Gathering Facts
Within the next few weeks, the ABA’s World Justice Project will start testing its theories of what defines the rule of law by sending fact-gathering teams to four countries, including the United States.
This field work will be the projects’s first effort to test the feasibility of the rule of law index, a key element of the World Justice Project. The purpose of the index is to measure in some factual way how effective countries are in adhering to the rule of law, at least in terms of meeting certain criteria.
In addition to the United States, Chile, India and Nigeria will take part in the field testing of the rule of law index, said ABA President William H. Neukom in a news conference held during the association’s midyear meeting in Los Angeles. The project is Neukom’s primary presidential initiative.
“We’re not in the ‘shame and blame game’ here,” said Neukom of Seattle. “We don’t have a carrot and stick. We’re just gathering the facts.”
Neukom said the World Justice Project welcomes any participation from governments in the country where the rule of law index is being tested, but he emphasized that the fact gathering will take place whether or not those governments cooperate. The field work will be conducted by the Vera Institute of Justice in New York City, which has conducted similar projects in the past and knows how to gather information even without active government assistance, he said.
“It’s a public exercise,” Neukom said. “The governments will be aware that we’re there.”
Neukom, a partner at Kirkpatrick and Lockhart Preston Gates Ellis, said the four countries were selected for the initial field testing because they are likely to provide a quick turnaround for the institute’s fact gathering, and they represent geographic diversity. He added that the project organizers felt the U.S. should be included in the process early on.
The World Justice Project is based on the premise that adherence to certain rule of law principles are necessary to a community that offers opportunity and equity to its members through free and fair government. The index is an attempt to give that premise a quantitative value based on characteristics that measure a country’s adherence to rule of law principles: accountable government, recognition of fundamental individual rights, and the adoption and enforcement of fair laws. The index identifies nearly 50 specific factors for measurement.
“It is a central belief of the project that where these conditions of law and justice exist, other benefits such as prosperity, safety, health and human dignity are more prevalent,” Neukom said.
GOING TO THE FORUM
Field testing in the first four countries will measure only some of the standards identified by the project so that the results can be reported and discussed at the World Justice Forum to be held in early July in Vienna, Austria.
A growing number of co-sponsors have signed on for the forum. The 11 confirmed groups so far include international associations for public health, education, business and engineering.
That participation is crucial, said Neukom, because efforts to achieve the rule of law must be multidisciplinary. “It’s not the rule of lawyers,” he said. “It’s simply justice.”

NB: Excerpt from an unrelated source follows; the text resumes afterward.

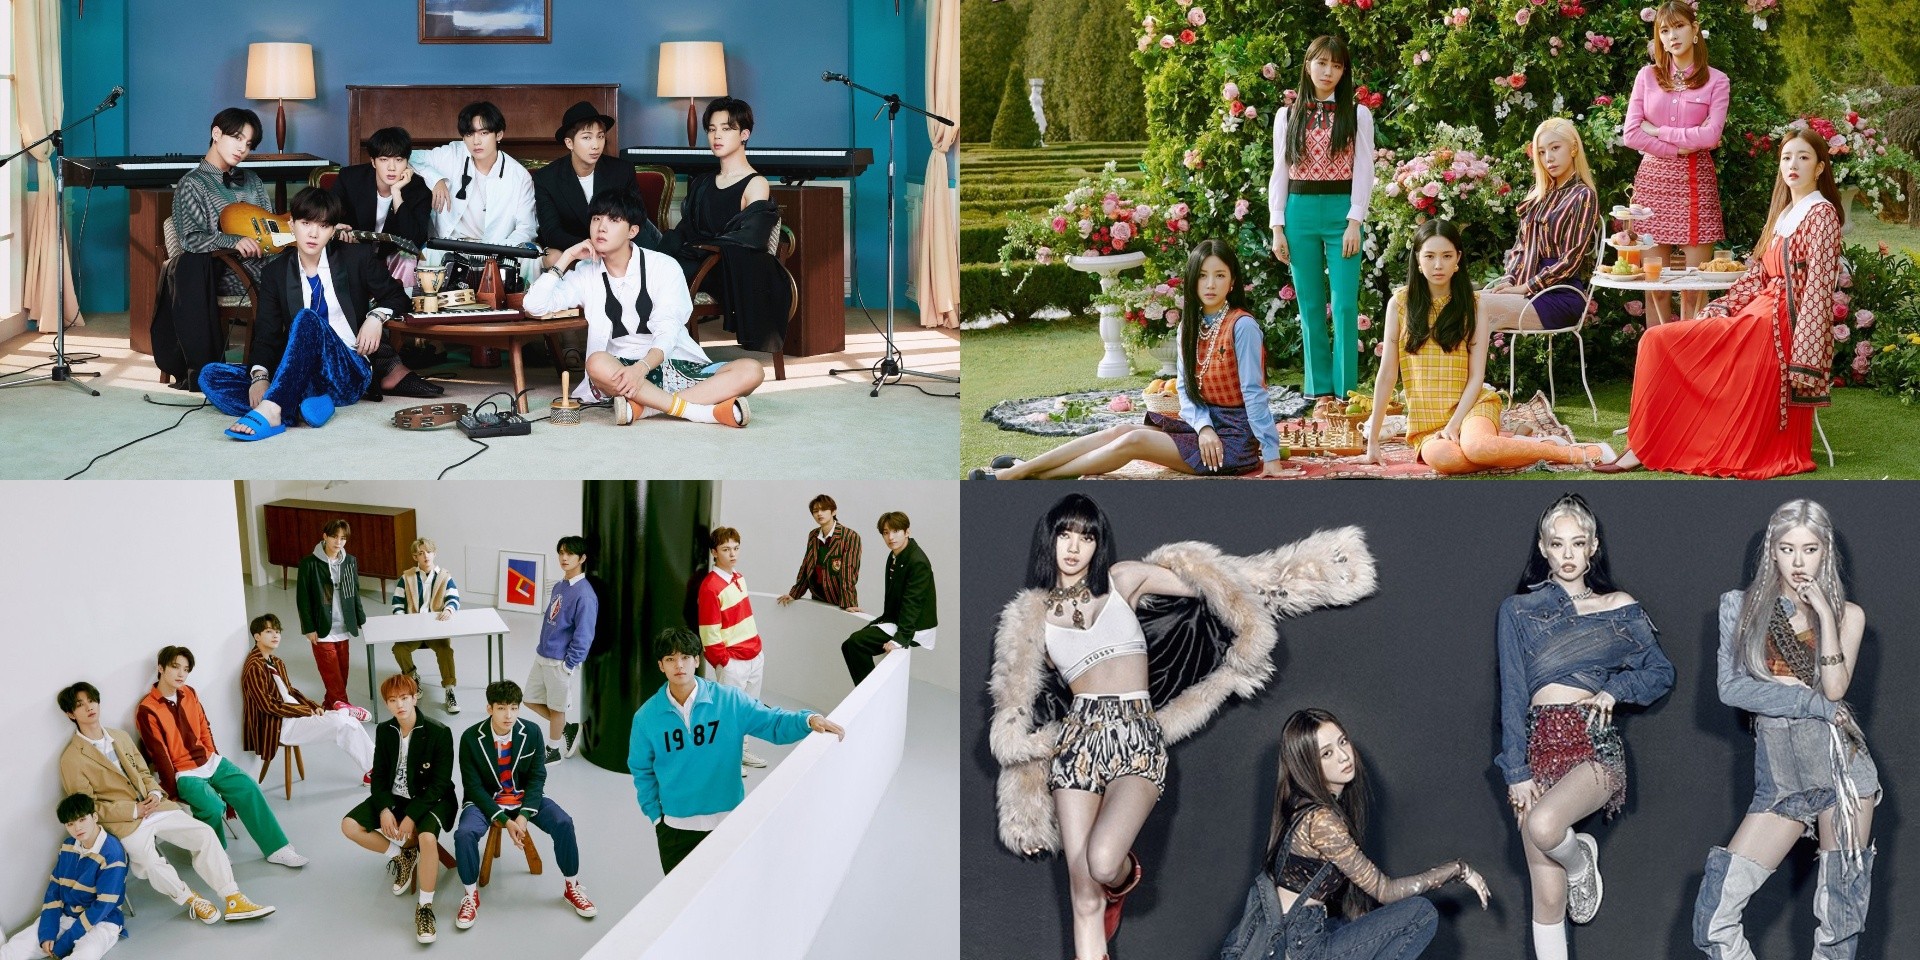 BTS, SEVENTEEN, Apink, BLACKPINK, and more nominated for Melon Music Awards 2020, BTS to perform

The implications of a breakdown in the rule of law were apparent to the ABA House of Delegates at the midyear meeting when it adopted a recommendation by the New York State Bar Association that the ABA express “support for and solidarity with the Pakistani bar and bench,” which has been under fire from Pakistan’s president, Pervez Musharraf, since late last year.
In December, Neukom and other ABA officials led more than 700 lawyers in a march and vigil expressing support for Pakistani lawyers who were detained or put under house arrest by the government.
“Without the rule of law, Pakistan is destabilized, more vulnerable to terrorism, and its economy is suffering,” Neukom told the House. “Under these conditions, we are concerned about whether free and fair elections are possible.”